A council in Torbay told a disabled young person to “sleep rough occasionally”. Despite medical evidence, the young person was refused “priority” need for housing. And The Canary has found out that this young person is not alone.
Ellie Waugh who runs Humanity Torbay told The Canary that the letter was sent to a female “aged between 20 and 23”. She suffers from “depression, emotionally unstable personality disorder and borderline personality disorder”. Waugh also said that the young woman had “scars from self-harming”. A letter from Torbay council published on Facebook stated:
I believe that you are resilient enough to manage with a reasonable level of functionality and I am not satisfied that your ability to manage being homeless, even if that homelessness were to result in you having to sleep rough occasionally or in the longer term, would deteriorate to a level where the harm you are likely to experience would be outside of the range of vulnerability that an ordinary person would experience if they were to be in the same situation as you.
Torbay council says in this letter if you have a mental illness you are considered priority why then did you tell a…
Other people have come forward with similar stories since this letter was published. One woman survived domestic abuse and has a child diagnosed with autism.
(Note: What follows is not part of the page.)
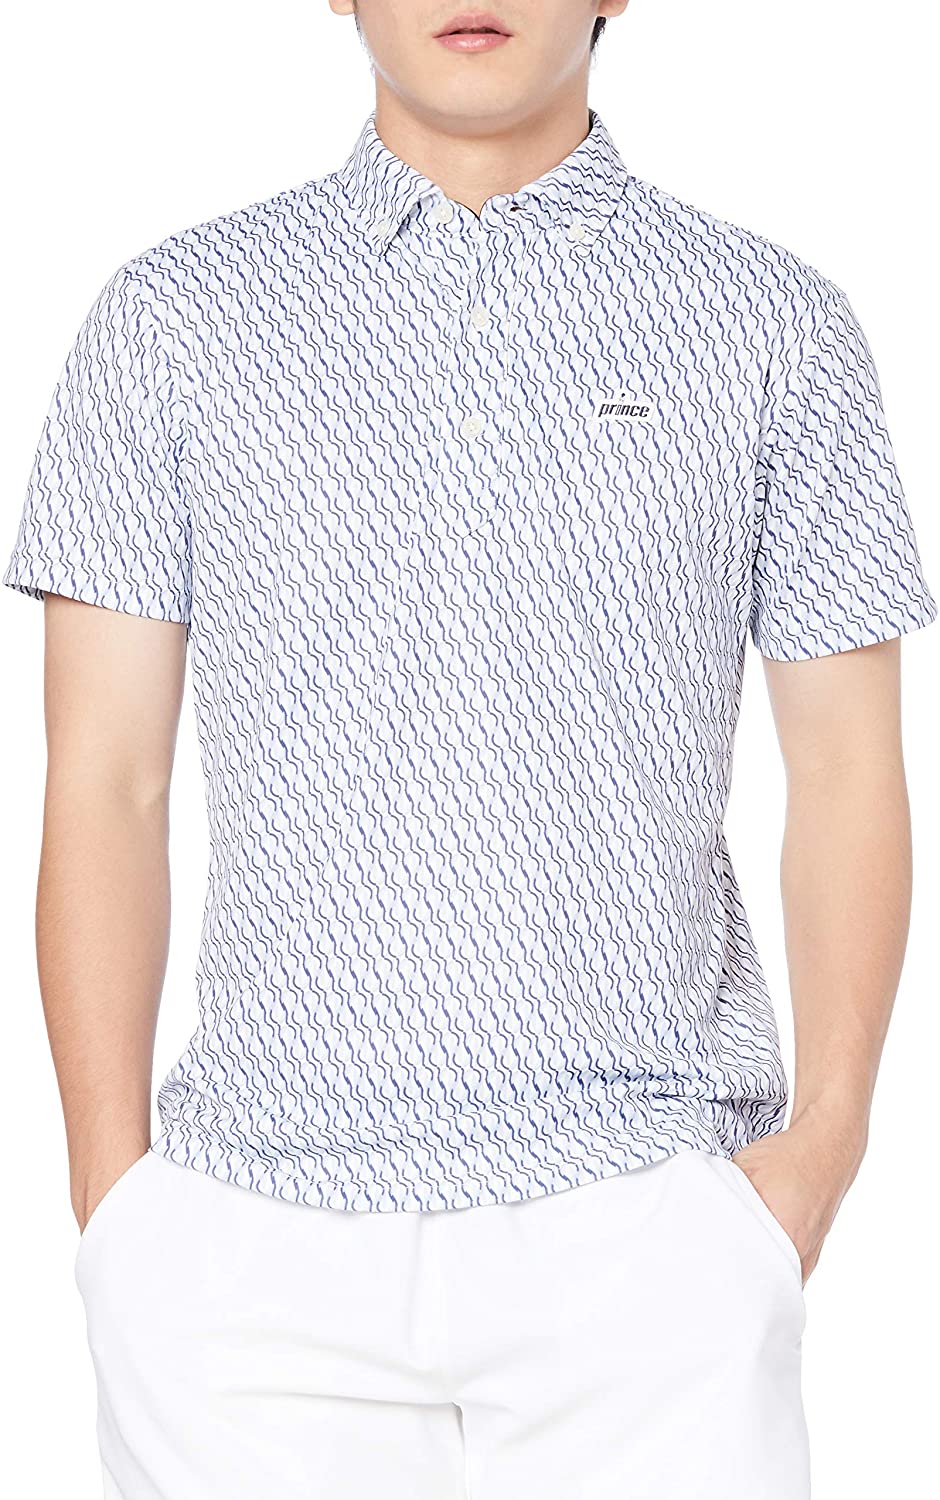 シンプルなボタンダウンのポロシャツ メーカー希望小売価格：6,500円(税別) カラー：ホワイト×ネイビー サイズ： 素材：ライトニット(ポリエステル100%) 機能：吸汗速乾、UPF50 性別：Unisex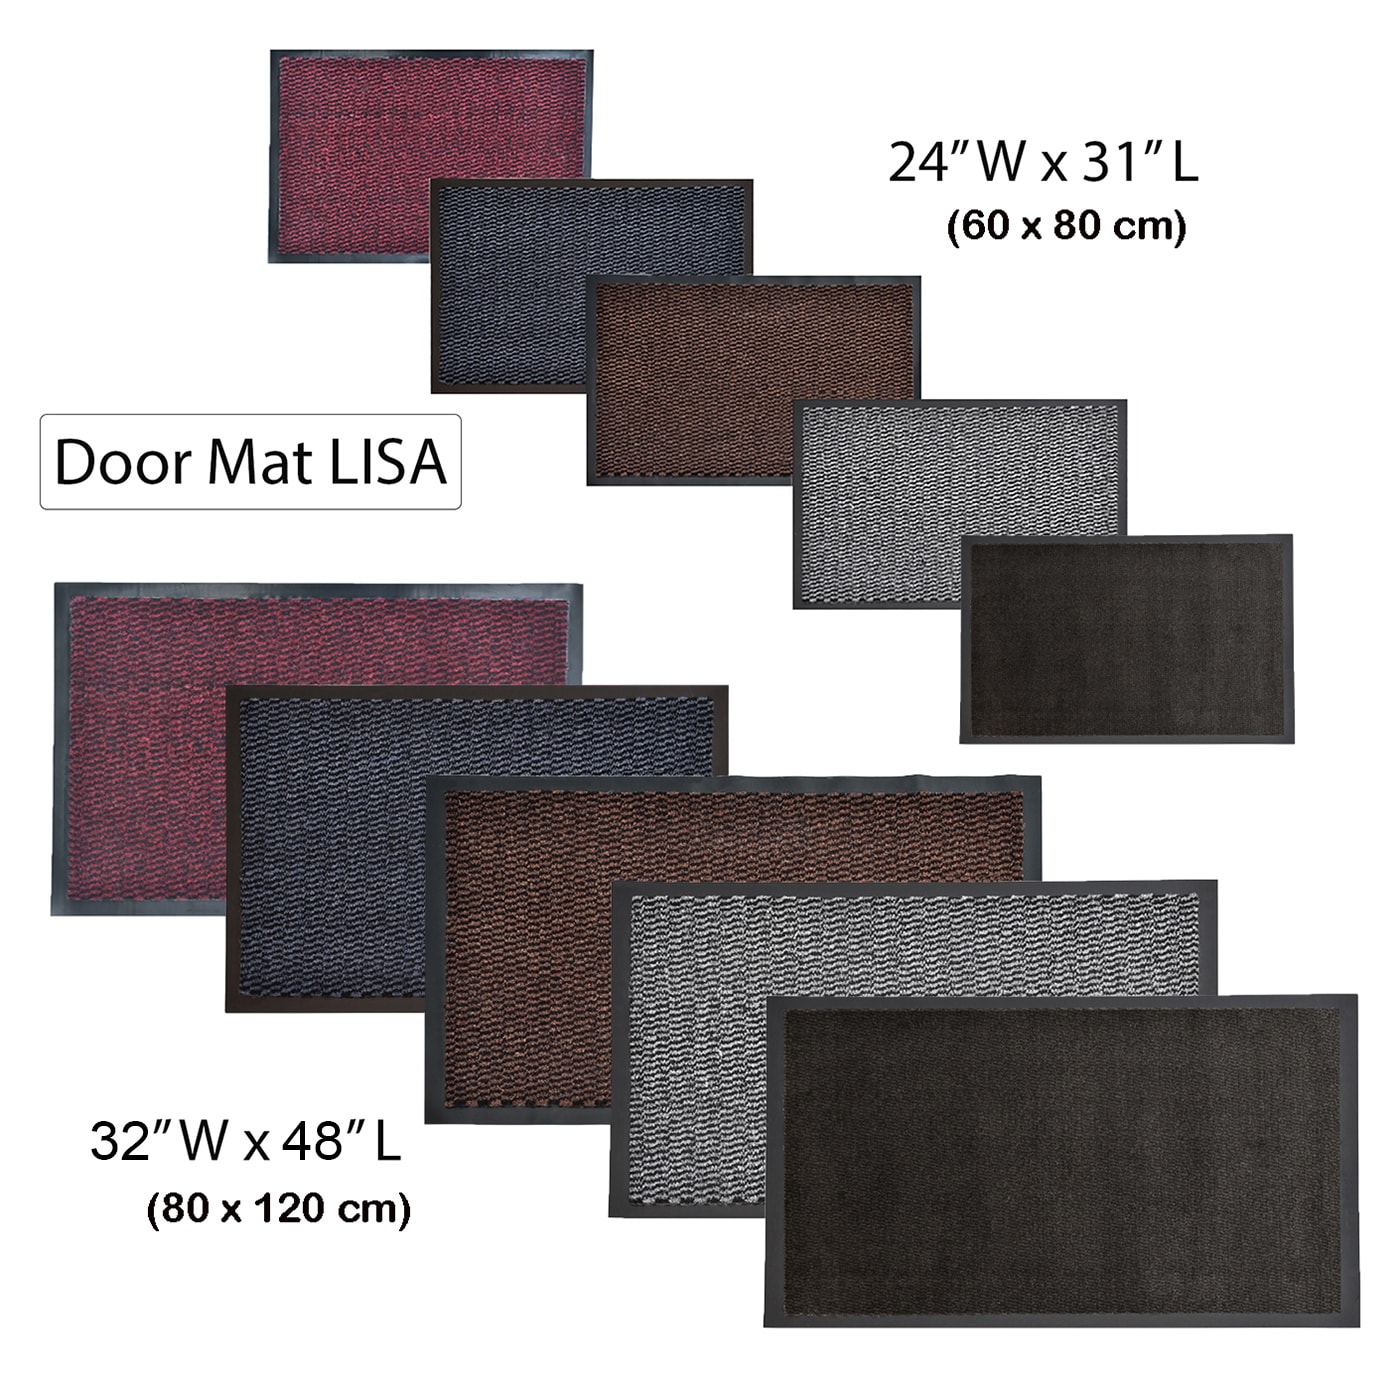 Lisa Large Indoor Door Mat - On Sale - Bed Bath & Beyond - 26968615

Yet she was refused priority help by Torbay council:
This lady has children 1 who is autistic and has suffered domestic abuse and was told by Torbay Council that they had no duty of care please share not fit for purpose x
Torbay council also sent similar information to another young person diagnosed with Aspergers and ADHD, in receipt of enhanced Personal Independent Payments (PIP):
Says it all from a concerned mum about her boy torbay council………. How many more….he is not priority need they told him….
The Canary has seen evidence of another three similar cases.
A press release from Torbay council states:
With regards to the letter that has been shared online, what has been shared isn’t the full content. What has not been shown is an explanation of who would be considered in priority need and why this person is not. The letter also includes a clear explanation on their right to request a review of this decision, and we encourage the person concerned to exercise this right if they feel the decision has been made incorrectly.
The Canary asked Torbay council for comment about the other letters. There was no response at the time of publication.
“I am a person”
But Waugh read a statement from the woman involved in this case to The Canary. It tells a different story:
I need a permanent home… I’m worried about my future. The council have lied to me and the media, they have not tried to help me. Torbay council have made me feel worthless and completely suicidal and that I’m not worth contributing anything to society. I am more than that: I am a person. I have severe mental health problems… I’m one of many people who has been treated badly by them and I’m not a number, I am a person… Please help me.
The young woman also said, that no one from Torbay council had contacted her. She said, “I could be dead for all they care”.
And as Humanity Torbay pointed out, this is not an isolated incident:
Humanity torbay… Have 5 more housing letters from torbay council…. Each one worse than the last one…… So torbay council what you got to say about that then………………😡😡😡😡😡😡😡😡😡😡😡
These letters show the extent of the current homeless crisis in the UK.
As The Canary reported, recent government figures revealed that in 2018, the “total number of people counted or estimated to be sleeping rough on a single night” was 4,677 – 74 people (2%) fewer than in 2017. But the fall in these figures doesn’t account for the fact that rough sleeping has soared under consecutive Conservative-led governments. It’s still up 165% since 2010. And many homeless charities questioned the accuracy of these statistics. And as The Canary also reported, the number of homeless people dying on the streets or in temporary accommodation has more than doubled over the last five years.
Now, it seems, vulnerable and disabled people have been told that there’s ‘no extra risk’ if they are forced to sleep rough.
In Torbay, figures released in 2018 also showed a rise in rough sleeping. The figures highlighted that 51% of those sleeping rough also had a “mental health issue that would make it hard for them to live independently”.
Paul Spencer, Policy and Campaigns manager at mental health charity Mind, told Vice:
Homelessness and mental health often go hand-in-hand, and people with mental health problems are at a greater risk of homelessness. Too often it is the most vulnerable people who slip through the net, and the consequences can be catastrophic.
These letters are from people in just one area of the UK. They suggest that this may be just the tip of the iceberg. One person rough sleeping is one too many. The rising number of vulnerable and disabled people forced to sleep on the streets is a tragedy.